References

References - Cognitive Load, Sequencing and Predictability

Cognitive Load in Virtual Reality refers to the total volume of mental effort imposed on a user’s working memory while navigating an immersive environment. Unlike traditional two-dimensional interfaces, VR requires the simultaneous processing of spatial orientation, complex motor mechanics, and multi-sensory feedback. For neurodivergent learners, particularly those with executive function challenges, a standardised interaction paradigm often fails to account for the increased mental effort required to decode cluttered or high-density environments. When system designs assume a high baseline of cognitive flexibility, the resulting "information density" can lead to rapid cognitive overwhelm, causing the user to abandon the task entirely (Sweller, 1988; Newbutt et al., 2016).
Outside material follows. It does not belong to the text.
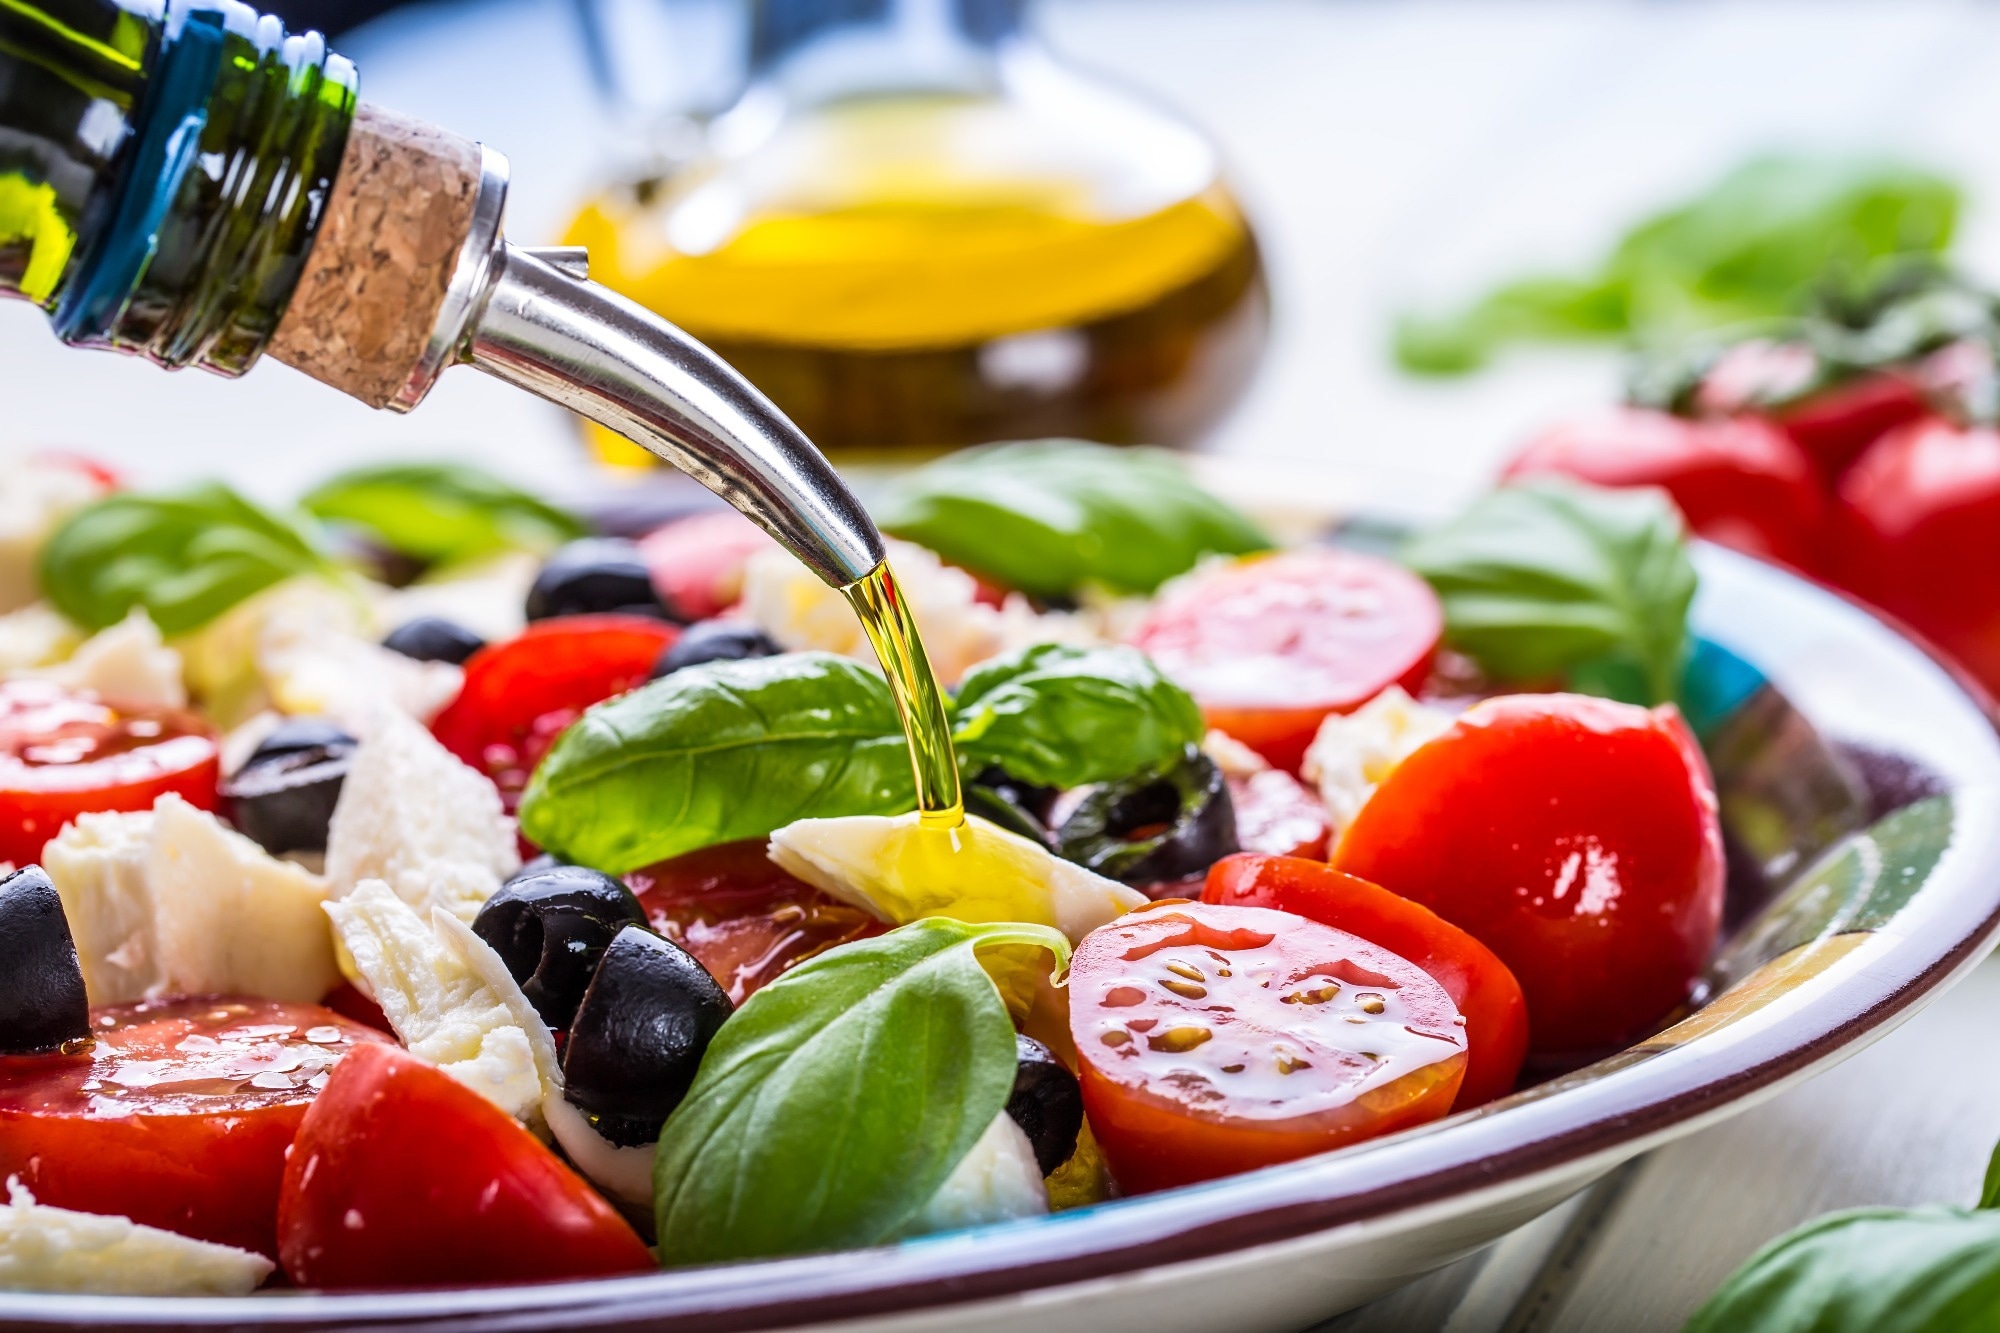 Study: Mediterranean diet adherence is associated with lower dementia risk, independent of genetic predisposition: findings from the UK Biobank prospective cohort study. Image Credit: Marian Weyo / Shutterstock

Sequencing and predictability are essential for maintaining a manageable cognitive load. Sequencing involves the ability to organise and execute a series of actions in a specific order to reach a goal - a task that is often complicated in VR by non-linear environments and multi-step tutorials. Predictability ensures that the system responds consistently to user inputs, providing a sense of agency and safety. For users who rely on structure, a lack of predictability within an interface can trigger "system-induced anxiety," where the user becomes hesitant to interact for fear of an unexpected or jarring mechanical change. This barrier is often exacerbated when software requires users to remember instructions from previous screens without persistent visual scaffolding (Crompton et al., 2020).

The consequences of excessive cognitive demand are both psychological and physiological. Academic research into immersive technologies highlights that when neurodivergent individuals encounter unpredictable navigational challenges, there is a measurable increase in heart rate and stress-related cortisol levels. This physiological response can transition a learner from a state of engagement into a state of "sensory or cognitive saturation," leading to distress or total withdrawal from the experience. Effective inclusive design must therefore replace a uniform design philosophy with one that prioritises simplified information architecture, predictable feedback loops, and the ability to break down complex goals into discrete, repeatable steps (Mott et al., 2020).


Cognitive Load

"The paralysis that can occur when a user faces multiple simultaneous objectives - is a primary driver of task abandonment. Miller's Law suggests that working memory typically holds approximately seven discrete items, though this capacity diminishes significantly under sensory stress or for individuals with specific learning profiles."

  • Crompton, C. J., Sharp, M., Axbey, H., Fletcher-Watson, S., Flynn, A. and Devenney, L. (2020). ‘Neurodevelopmental diversity in the workplace’. The Lancet Psychiatry, 7(9).
  • Mott, M., Tang, J., Kane, S., Cutrell, E. and Ringel Morris, M. (2020). ‘Accessible VRChat: Barriers and Opportunities for People with Disabilities in Social Virtual Reality’. Proceedings of the 2020 CHI Conference on Human Factors in Computing Systems.
  • Newbutt, N., Sung, C., Kuo, H. J. and Leahy, M. J. (2016). ‘The potential of virtual reality technology in supporting people with autism’. Journal of Intellectual Disability Research.
  • Sweller, J. (1988). ‘Cognitive Load During Problem Solving: Effects on Learning’. Cognitive Science, 12(2).

Cognitive Load Theory

  • Orru, G. and Longo, L., 2018, September. The evolution of cognitive load theory and the measurement of its intrinsic, extraneous and germane loads: a review. In International symposium on human mental workload: Models and applications (pp. 23-48). Cham: Springer International Publishing.
  • Klepsch, M. and Seufert, T., 2020. Understanding instructional design effects by differentiated measurement of intrinsic, extraneous, and germane cognitive load. Instructional Science, 48(1), pp.45-77.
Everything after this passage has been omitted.